Only 0.8 degrees this morning and frost on Lagoon Reserve.

It’s reached the time of year when even winter advocates are willing the seasons to turn. Thoughts turn to gardening.

When SKINC  (St Kilda Indigenous Nursery Cooperative) and Friends of Westgate Park decided to merge they knew they had to relinquish their cherished logos to find one that expressed their new identity – Westgate Biodiversity: Bili Nursery and Landcare. (Secretly I think we didn’t believe that anybody could do it).

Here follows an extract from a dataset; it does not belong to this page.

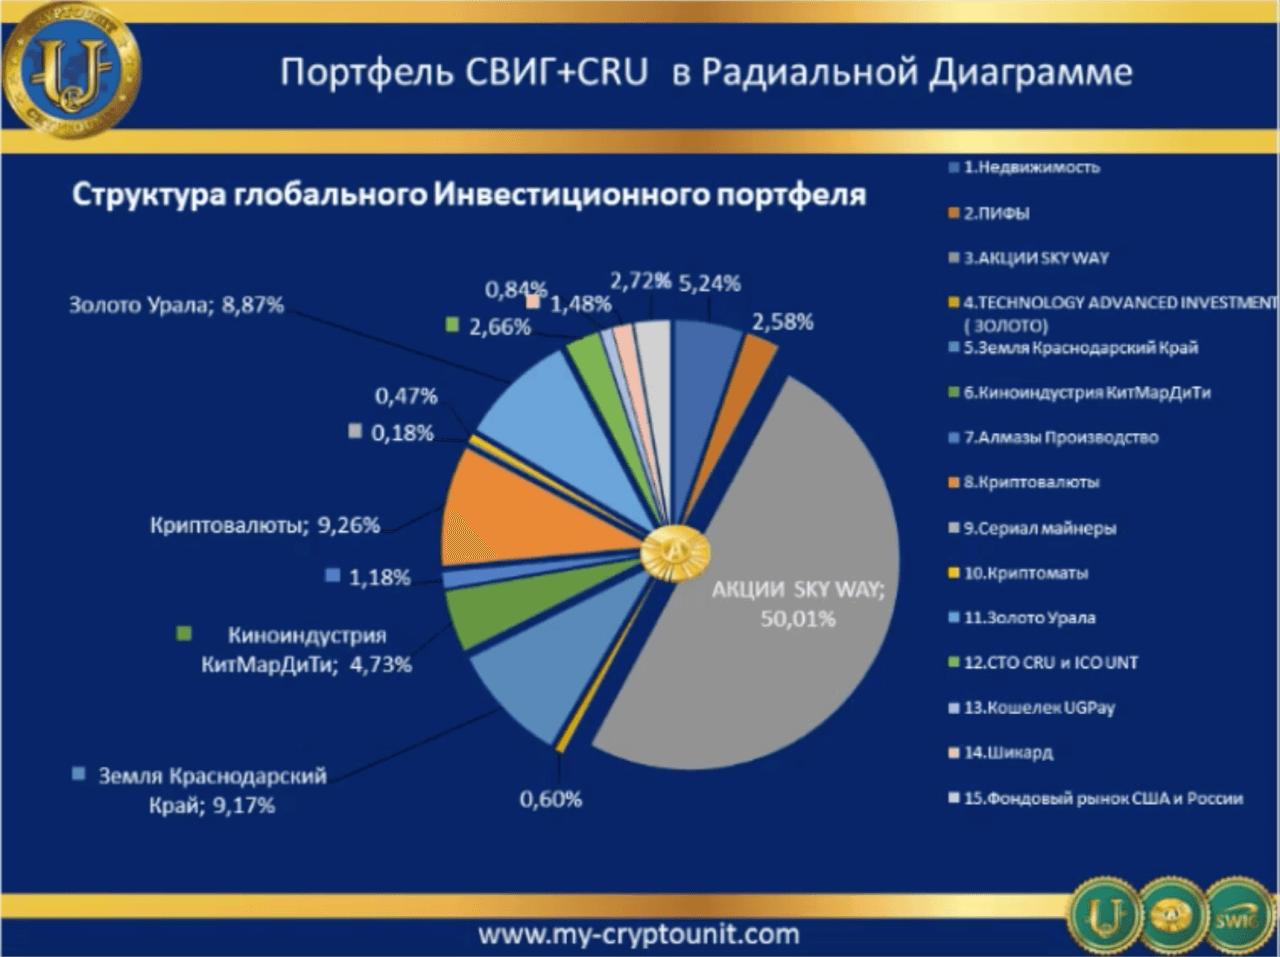 SWIG Криптоюнит - состав инвестпортфеля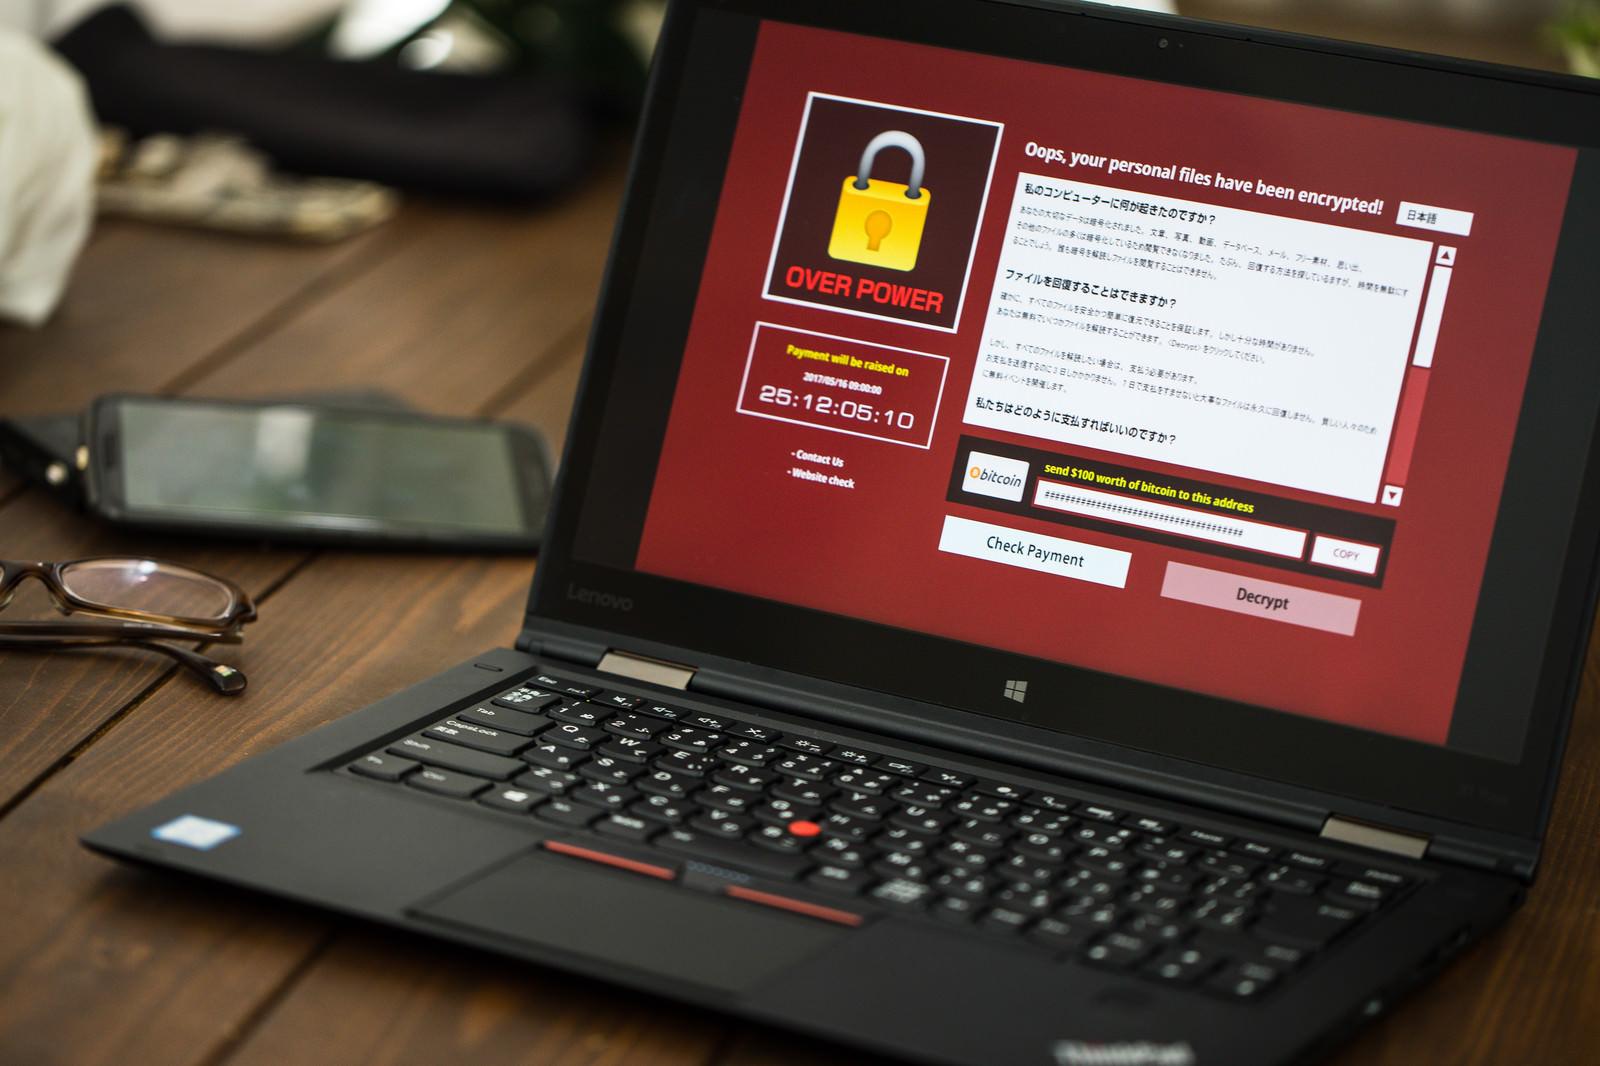 「重要なデータの入ったノートパソコンがランサムウェアに感染」の写真

Jack Dashiell Howe, graphic designer, spent time in the nursery and the Park absorbing the work of the two organisations. He says: ‘when I was a kid my parents used to take us to the park underneath the Westgate bridge in Melbourne to ride our bikes and walk around the bushland there. Almost 20 years later I went back to this park, lured by stories and photos of a bright pink lake, and I was amazed about how such a big beautiful park existed in such a industrial part of Melbourne, but what I wasn’t aware of was how much work and care had gone into transforming it over 30 years into what it is today.’ 

He got the essence of the new organisation in designing the new identity. Jack chose a single flower of correa alba with just a hint of Westgate Bridge.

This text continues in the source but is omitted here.